Change from baseline in the number of lymphedema symptoms according to the 'Symptom Warning Model For Lymphedema' at 1-month. 'Symptom Warning Model For Lymphedema':The model consists of 17 symptoms and Yes/No response components. Patients with less than 15% of 17 symptoms are defined as low risk, 15-49% at medium risk, and patients with more than 50% symptoms are defined as high risk.

Change from baseline in the number of lymphedema symptoms according to the 'Symptom Warning Model For Lymphedema' at 2-month. 'Symptom Warning Model For Lymphedema':The model consists of 17 symptoms and Yes/No response components. Patients with less than 15% of 17 symptoms are defined as low risk, 15-49% at medium risk, and patients with more than 50% symptoms are defined as high risk.

Change from baseline in the number of lymphedema symptoms according to the 'Symptom Warning Model For Lymphedema' at 3-month. 'Symptom Warning Model For Lymphedema':The model consists of 17 symptoms and Yes/No response components. Patients with less than 15% of 17 symptoms are defined as low risk, 15-49% at medium risk, and patients with more than 50% symptoms are defined as high risk.

The number of participants with a high self-care score according to the 'Breast Cancer-Related Lymphedema Self-Care Scale'. 'Breast Cancer-Related Lymphedema Self-Care Scale': The lowest 31, the highest 124 points are taken from the scale. Higher scores indicate better self-care.

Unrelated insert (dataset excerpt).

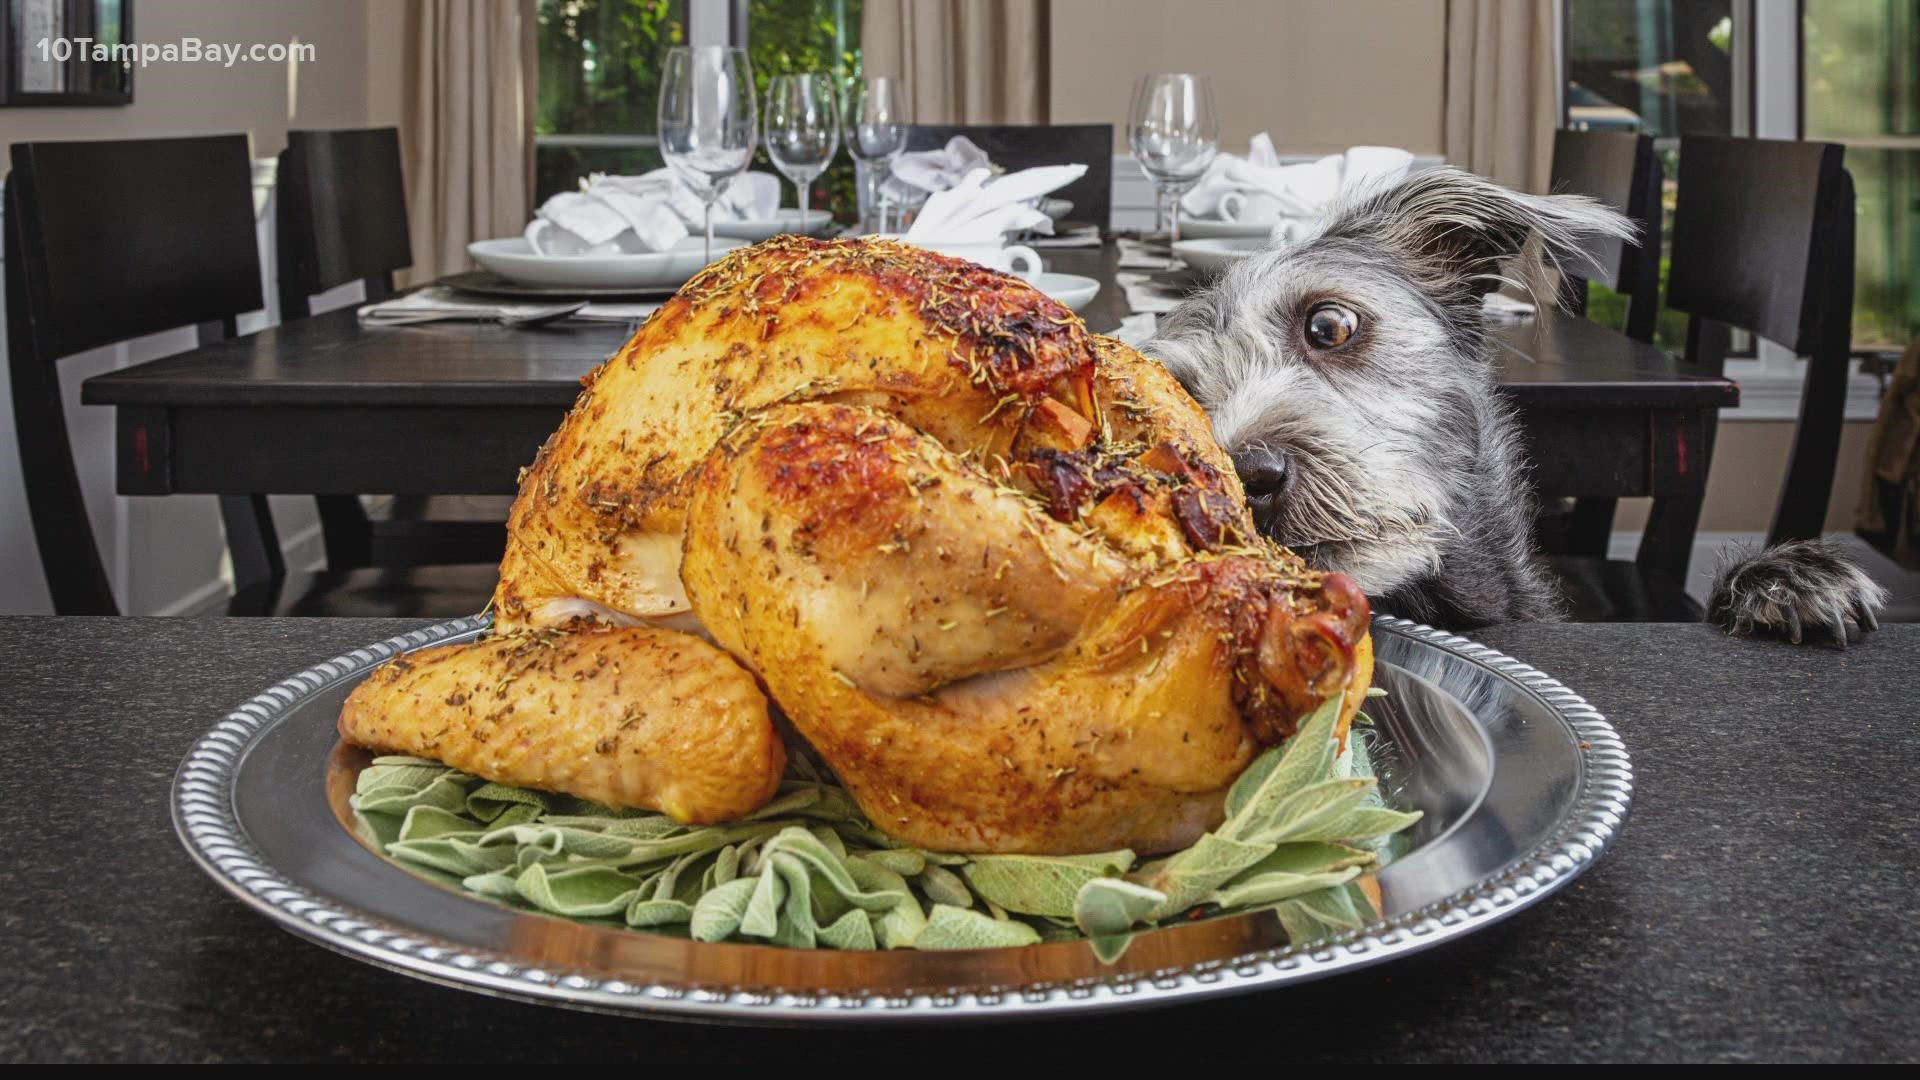 Much of the holiday meal is dangerous for pets because of fats, oils, spices, seasonings and other ingredients that can be toxic to them.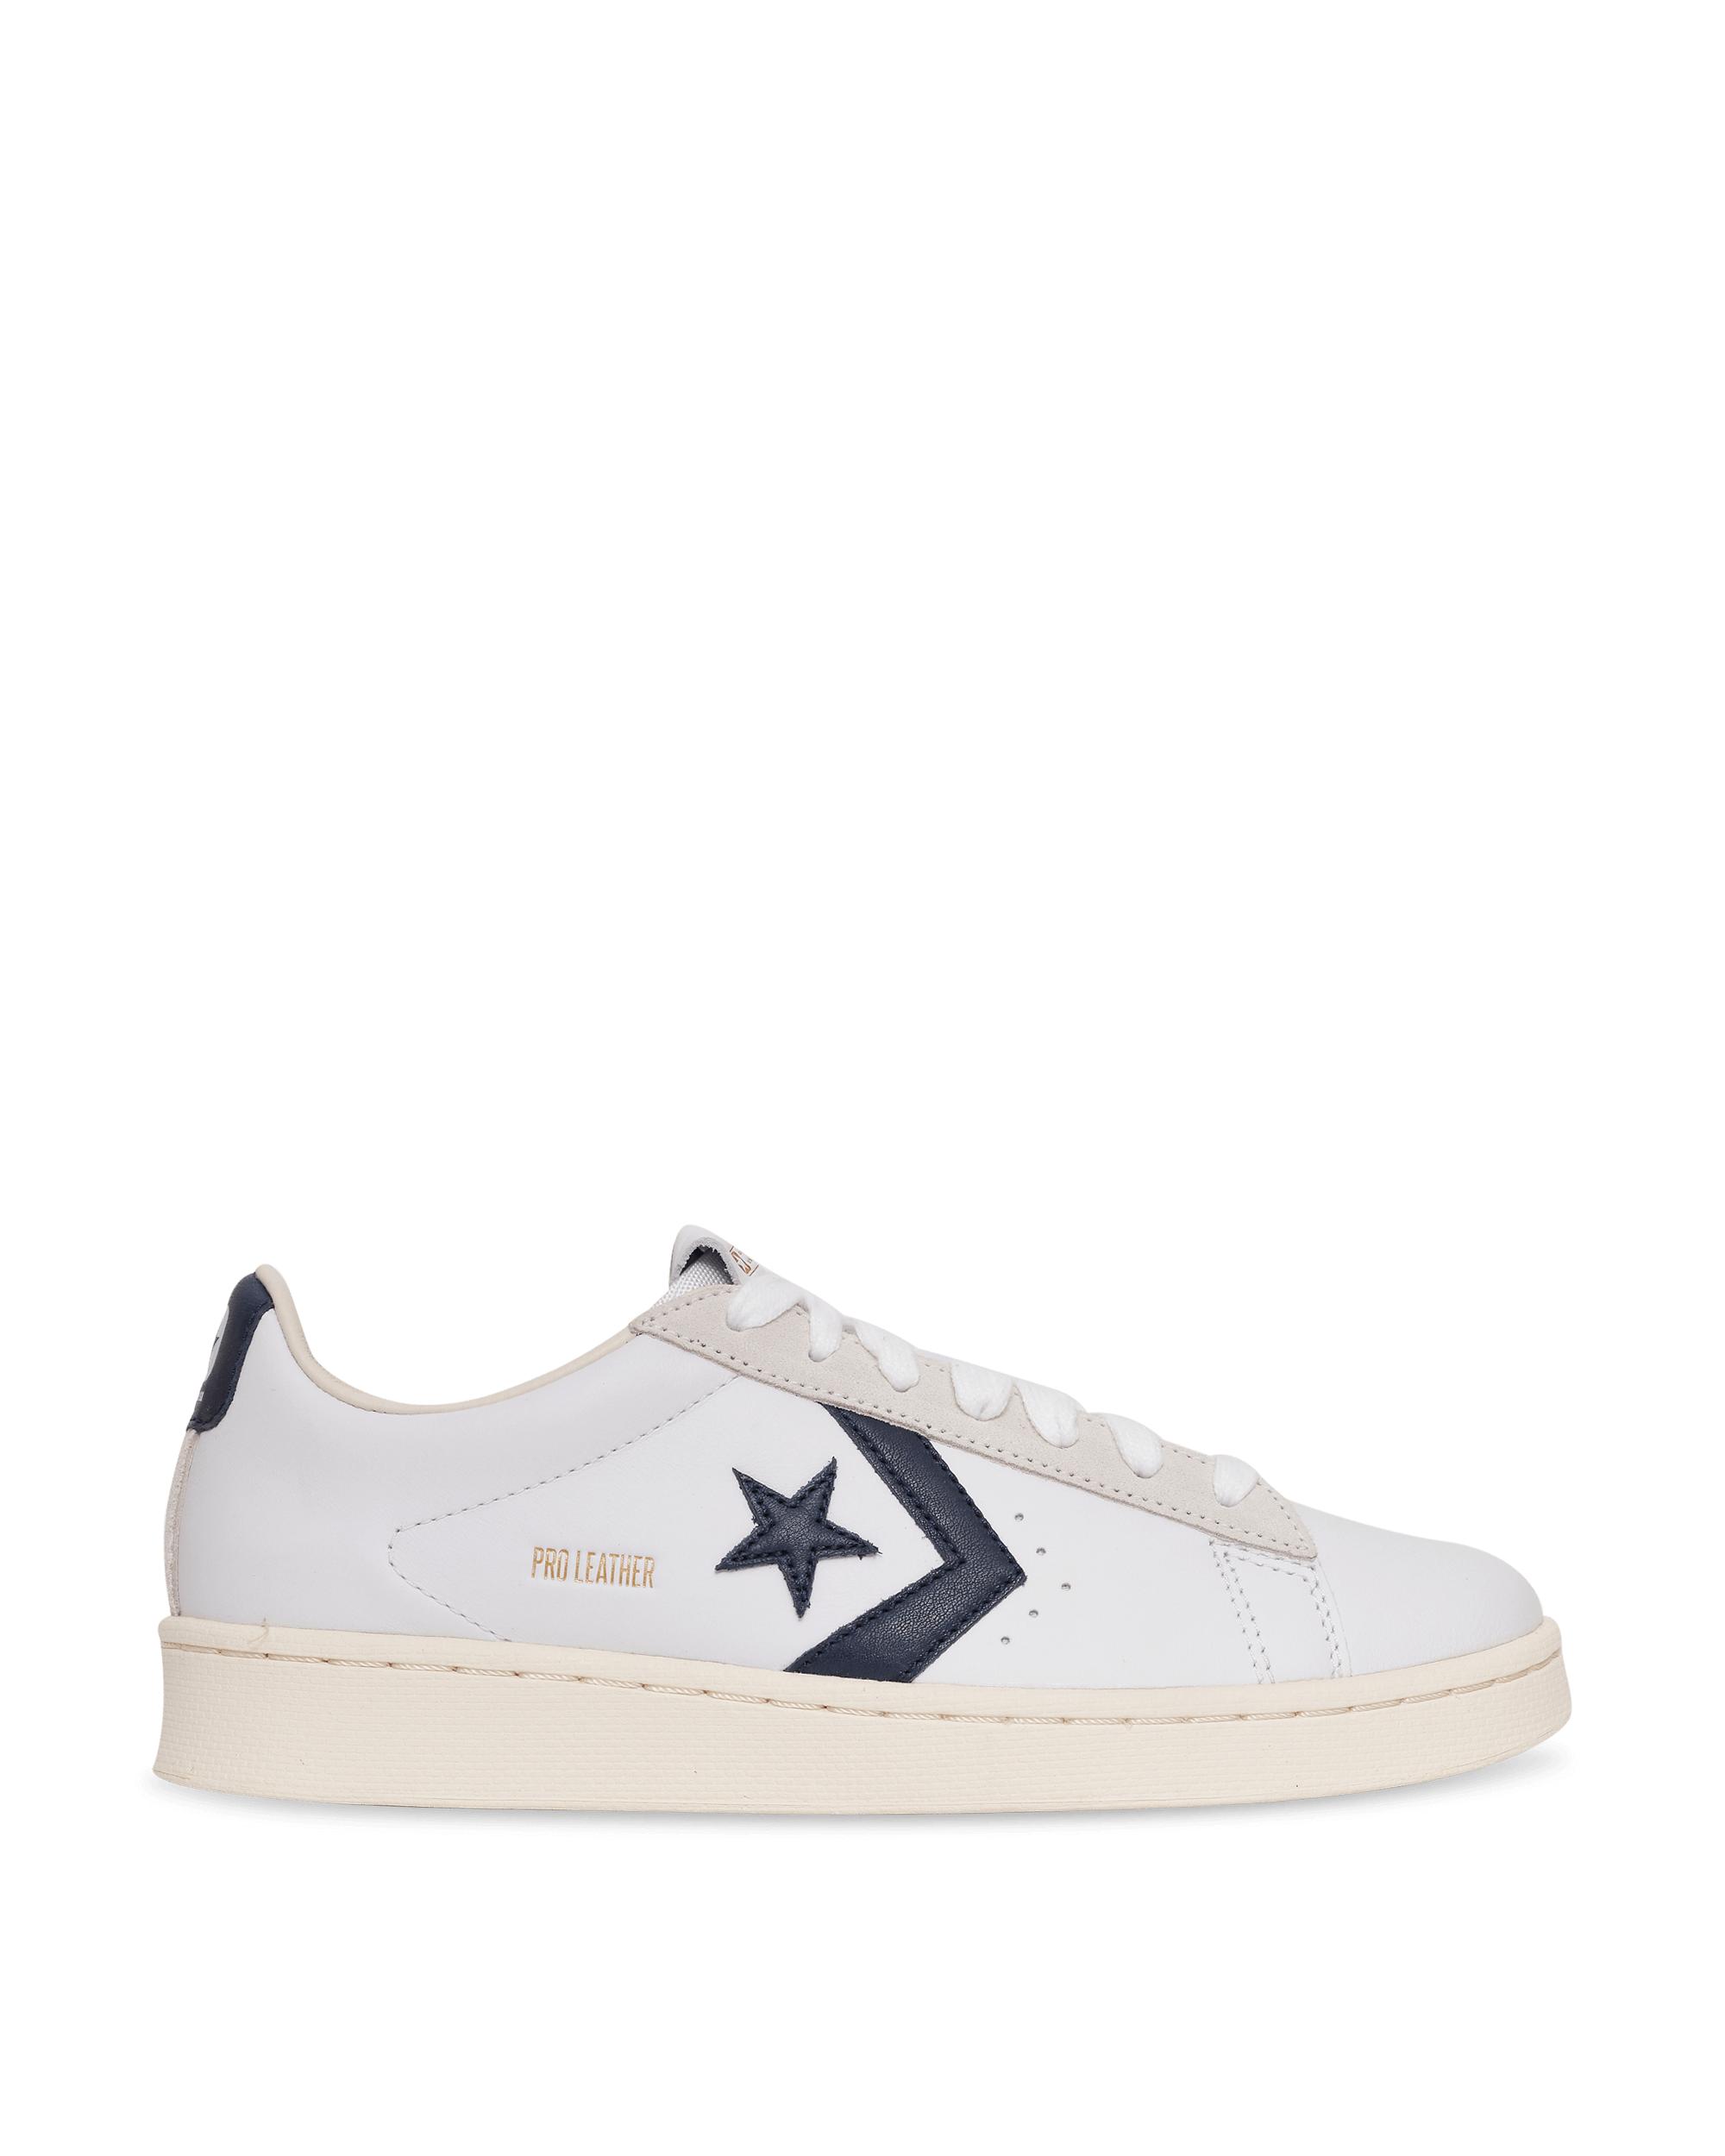 Converse Pro Leather Ox in White for Men - Save 74% - Lyst

Inclusion Criteria: Female gender, Between 18-65 years old BMI ≤30 kg/m2 Axillary lymph node dissection (removal of at least 2 lymph nodes), No history of cancer other than breast cancer, Does not have any chronic disease (such as diabetes mellitus, hypertension, chronic obstructive pulmonary disease) that prevents exercise No previous diagnosis of lymphedema, Not pregnant or breastfeeding during the study, Individuals who agree to participate in the study will be included in the study. Exclusion Criteria: Total (simple) mastectomy, History of bilateral lymph node dissection, Lymphedema (difference >2 cm with an intact extremity) Individuals who do not agree to participate in the study will not be included in the study.